> **Data provided**:
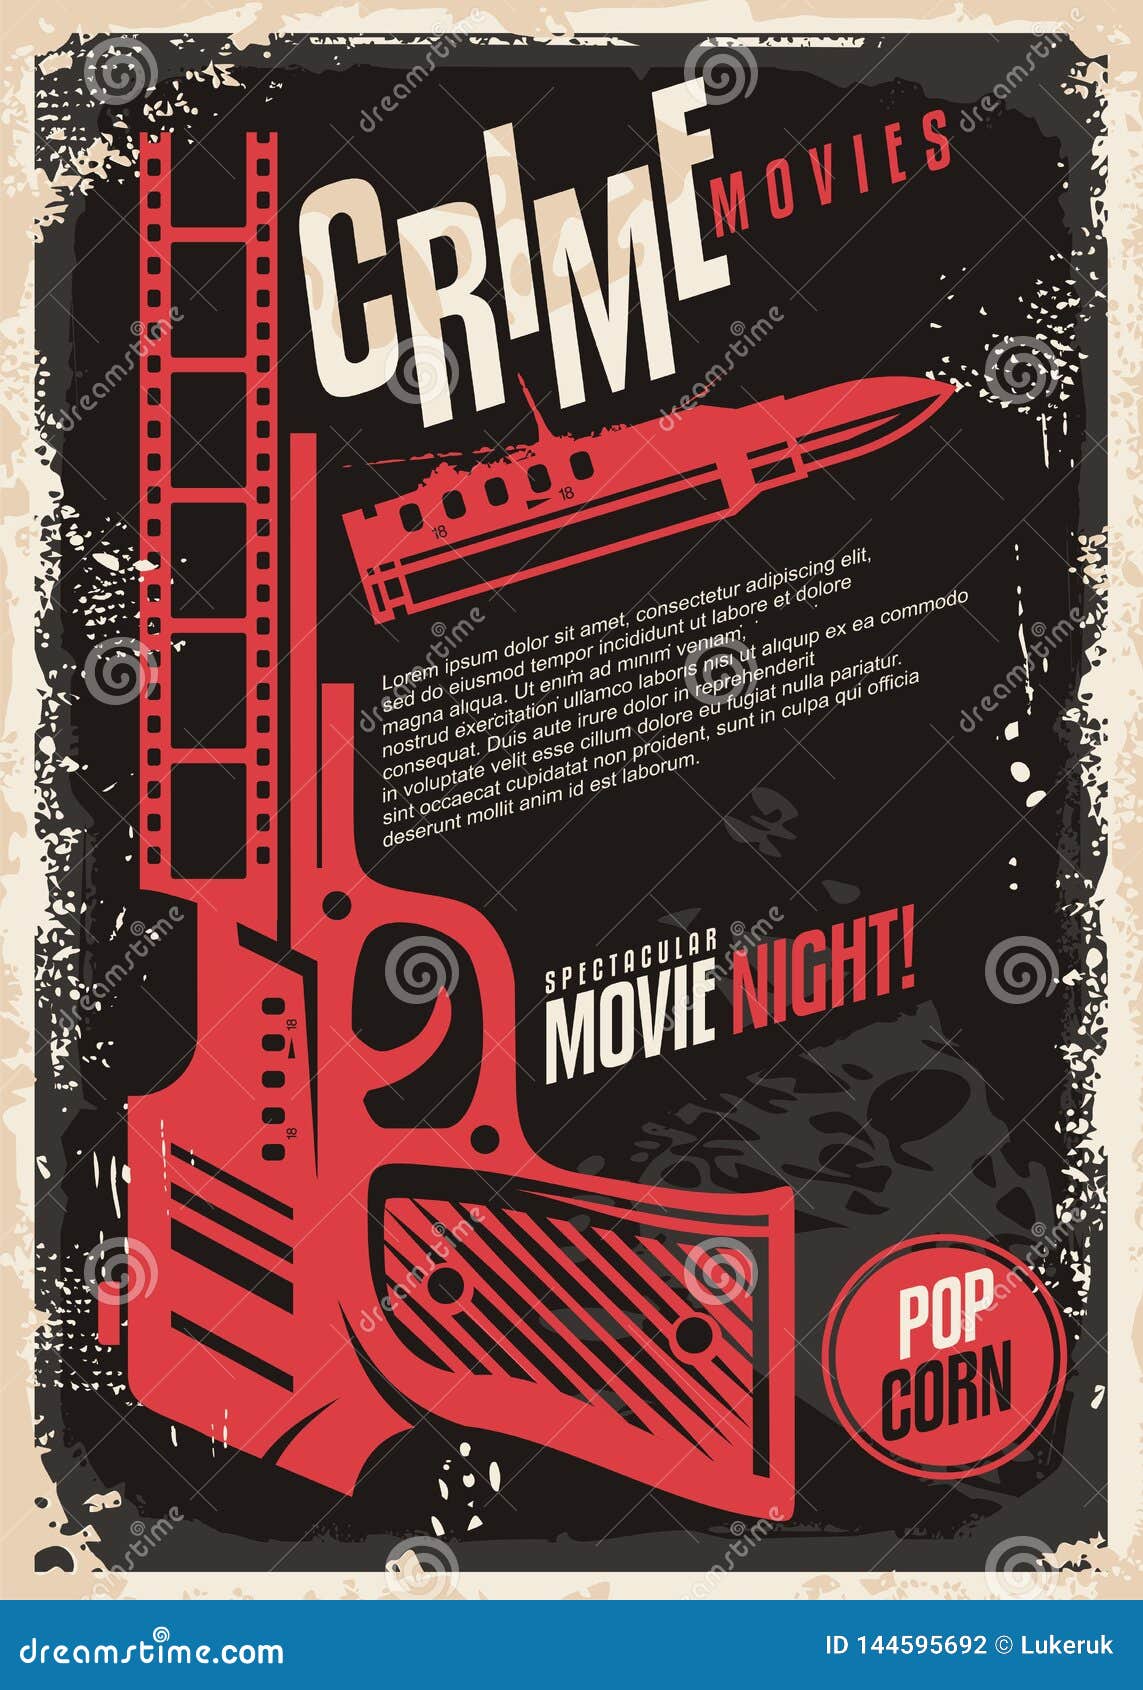 crime movies spectacular movie night retro poster 
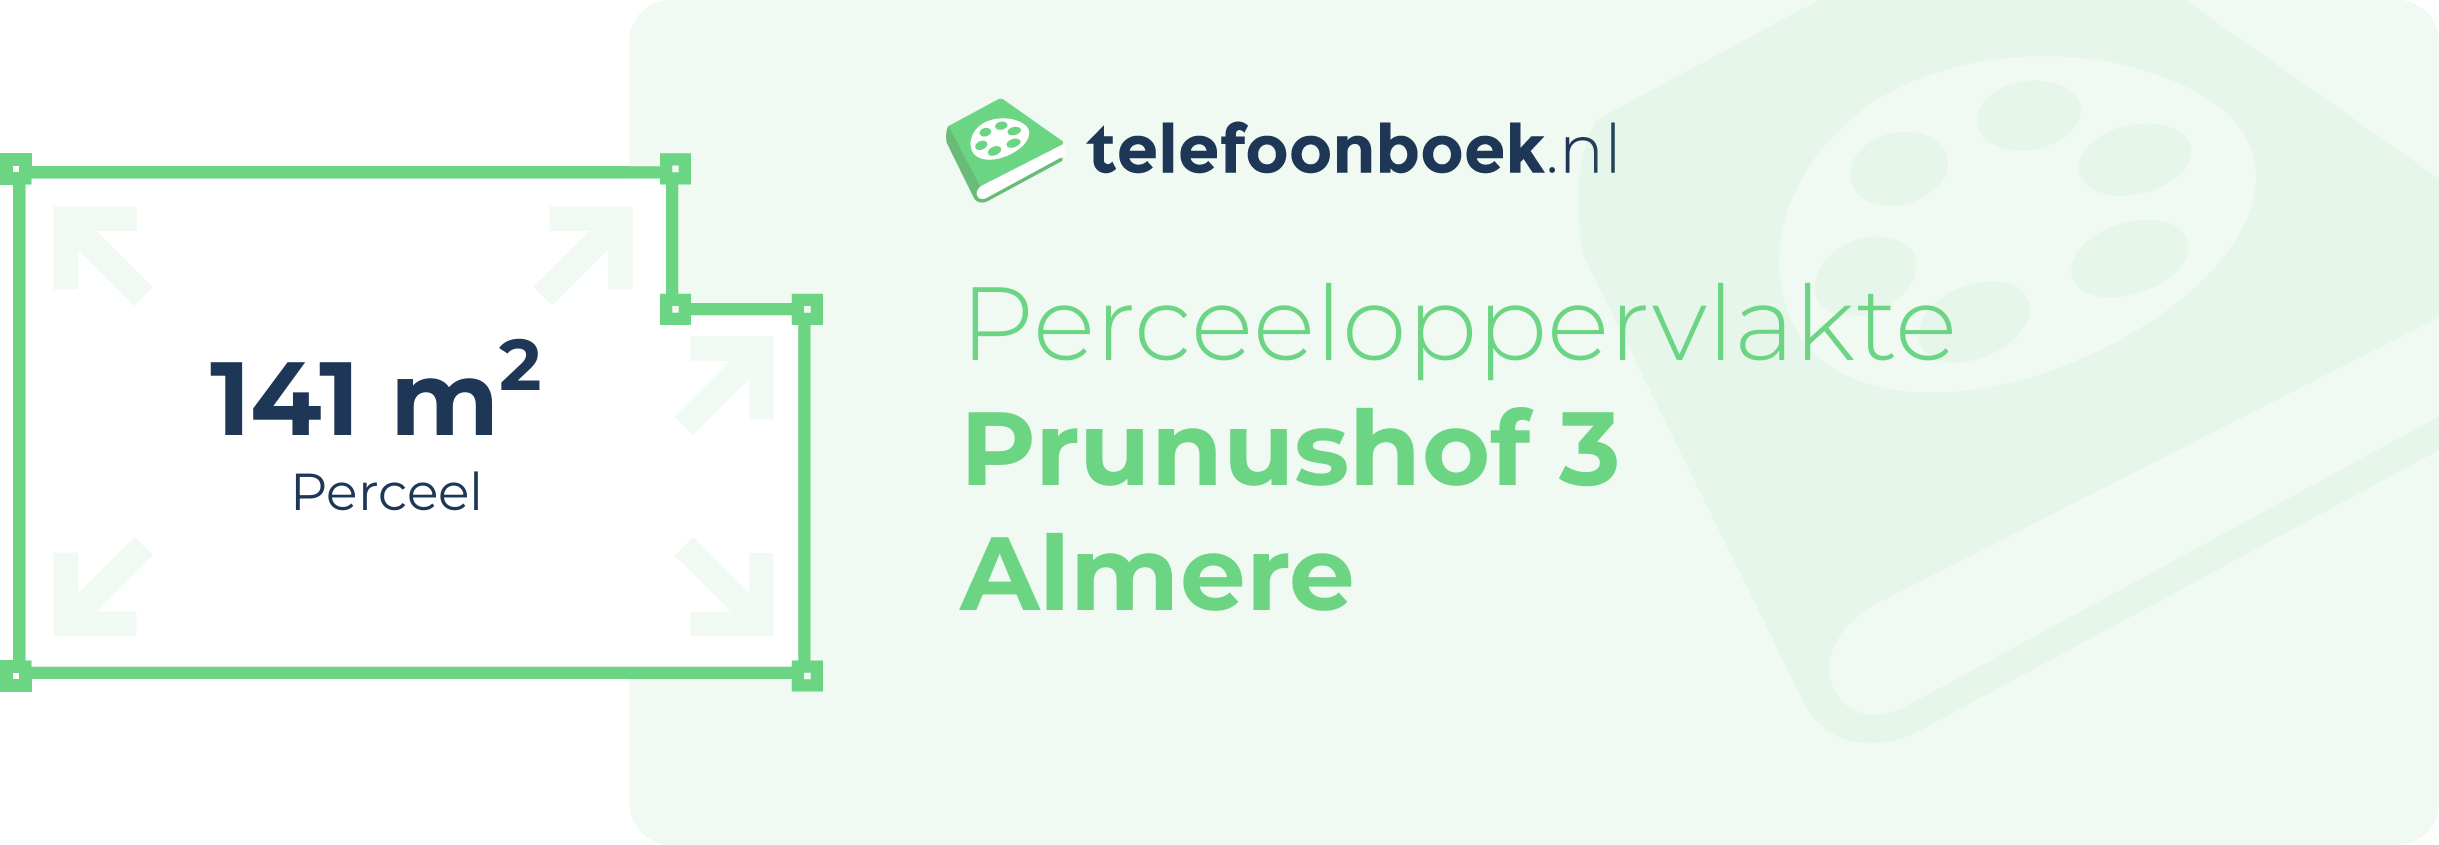 Perceeloppervlakte Prunushof 3 Almere
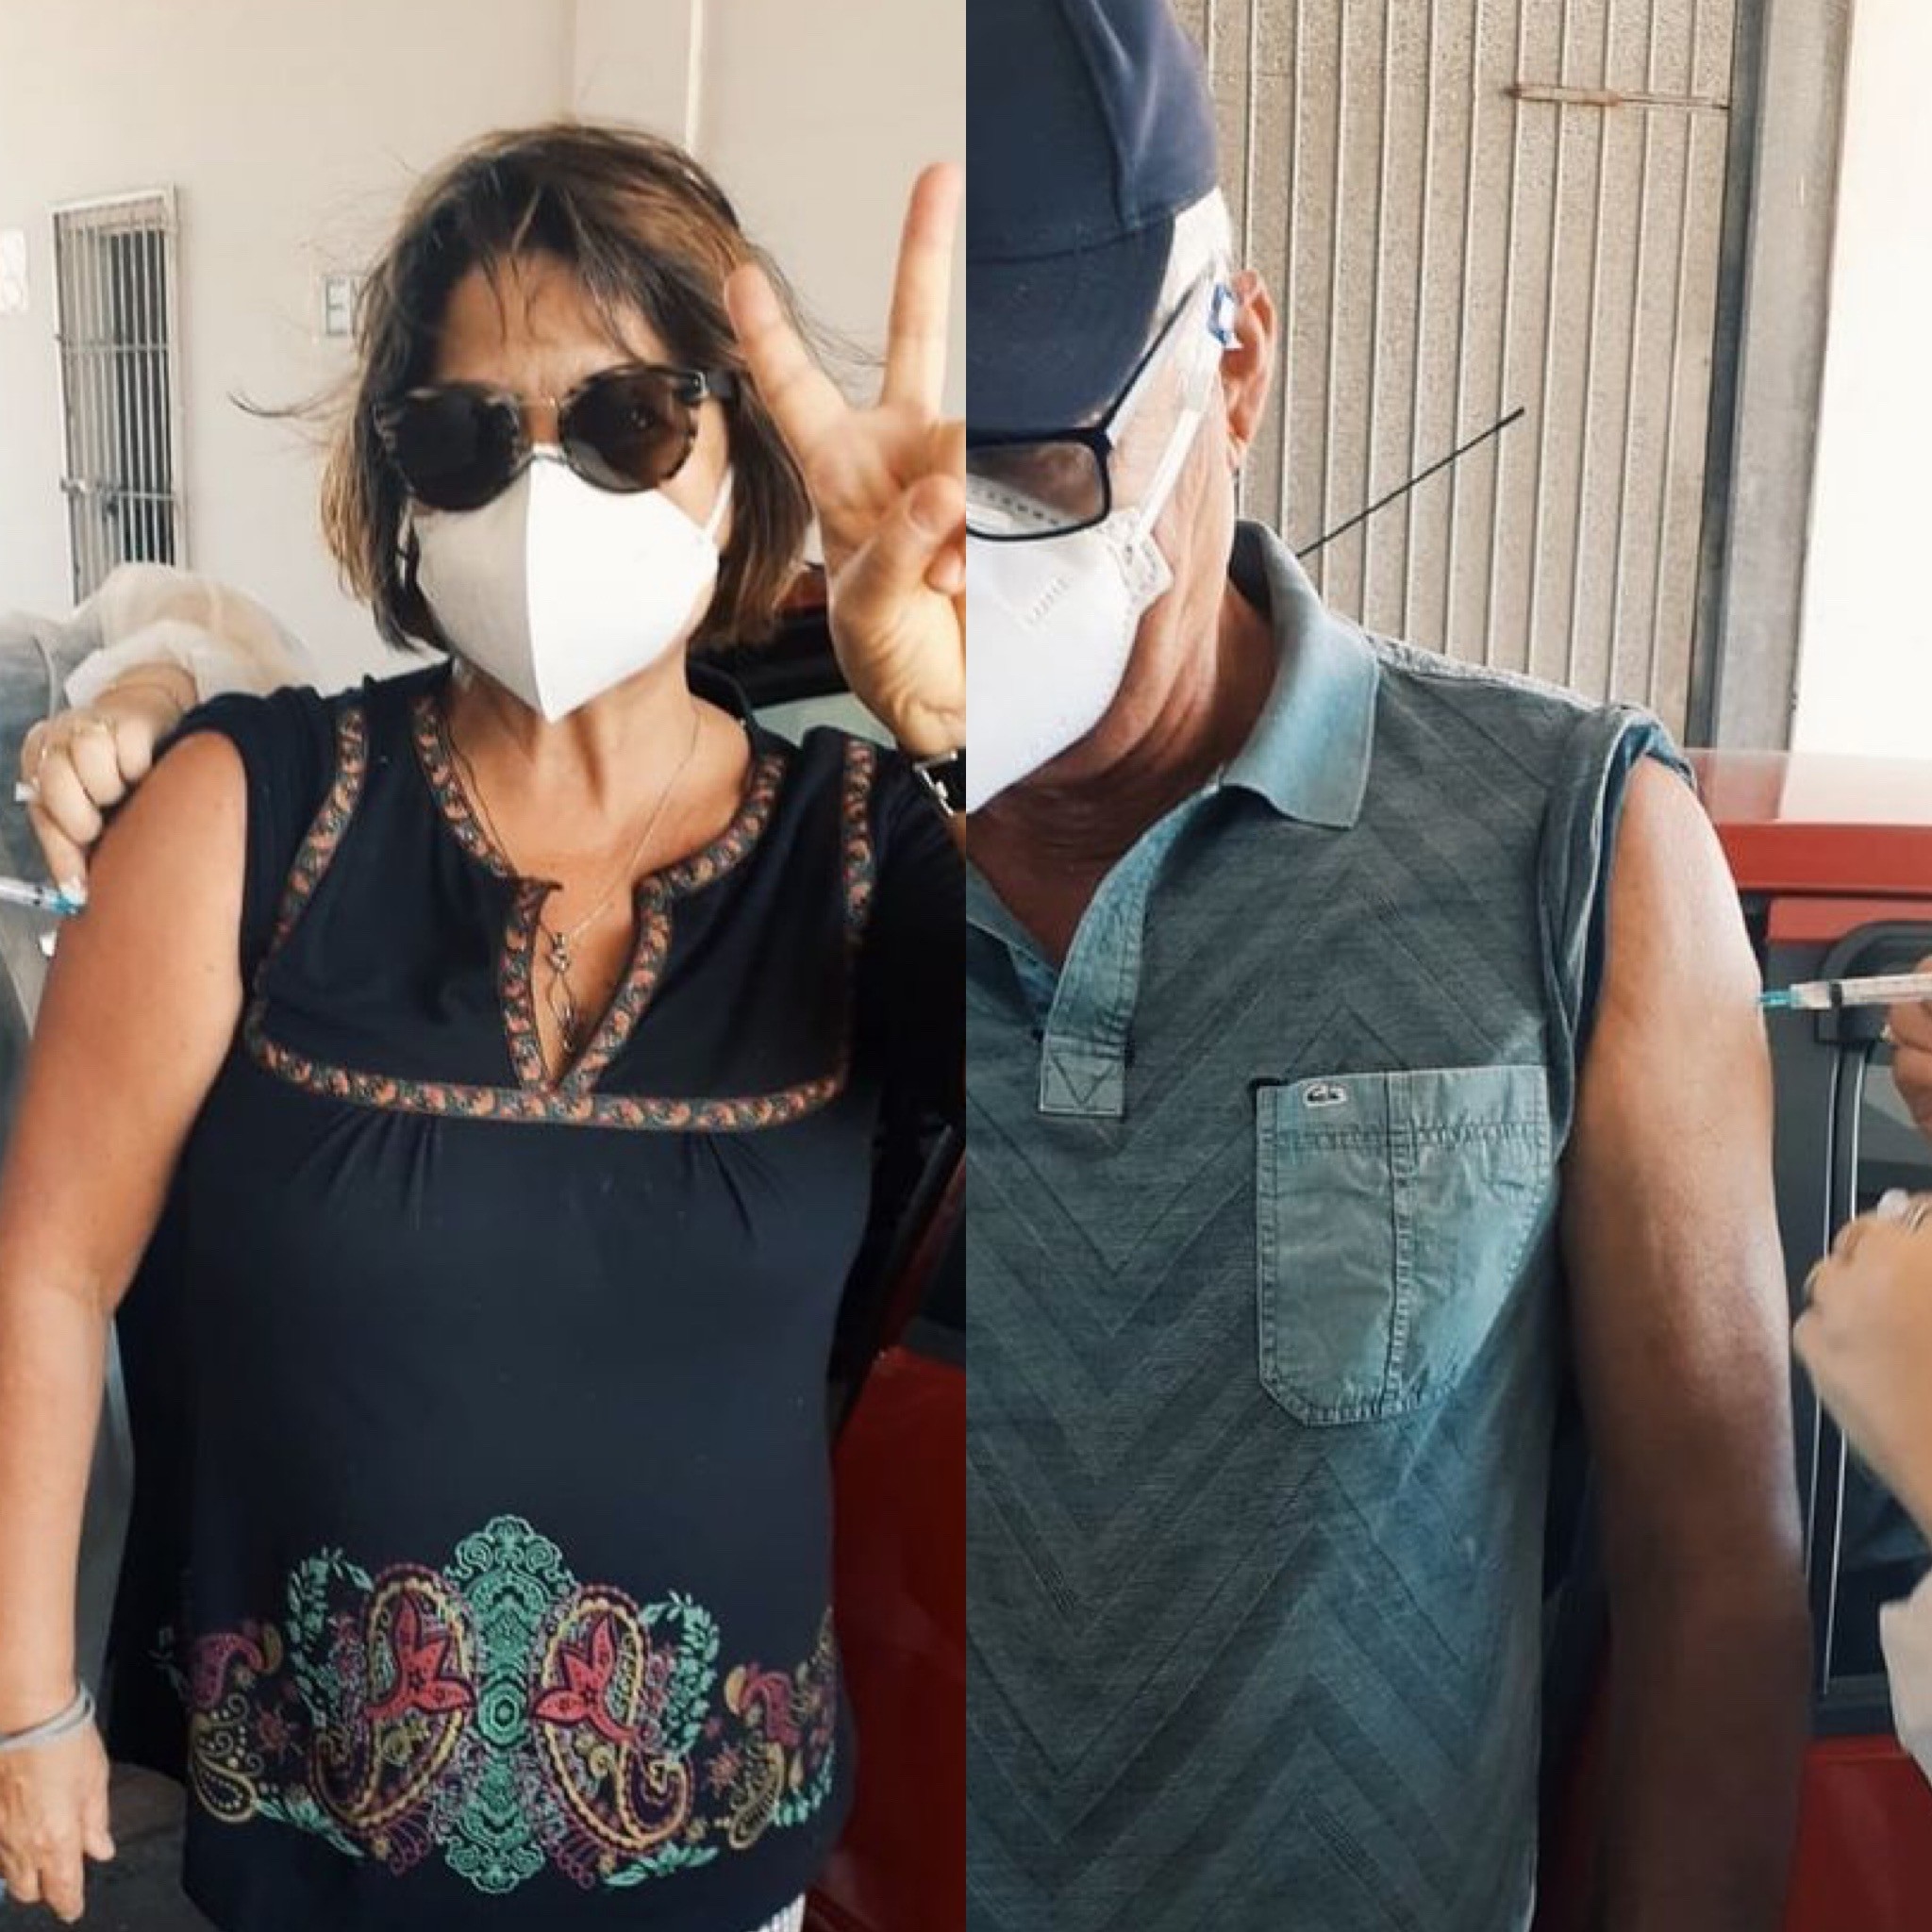 Titi Muller celebra pais vacinados: "Alívio" (Foto: Instagram)

> **Work instruction**: Pick up at the line containing "Perceeloppervlakte Prunushof 3 Almere" and copy each line exactly until the data ends, including that last line; copy no pictures.

> **Response below**:
 Perceeloppervlakte Prunushof 3 Almere
 Titi Muller celebra pais vacinados: "Alívio" (Foto: Instagram)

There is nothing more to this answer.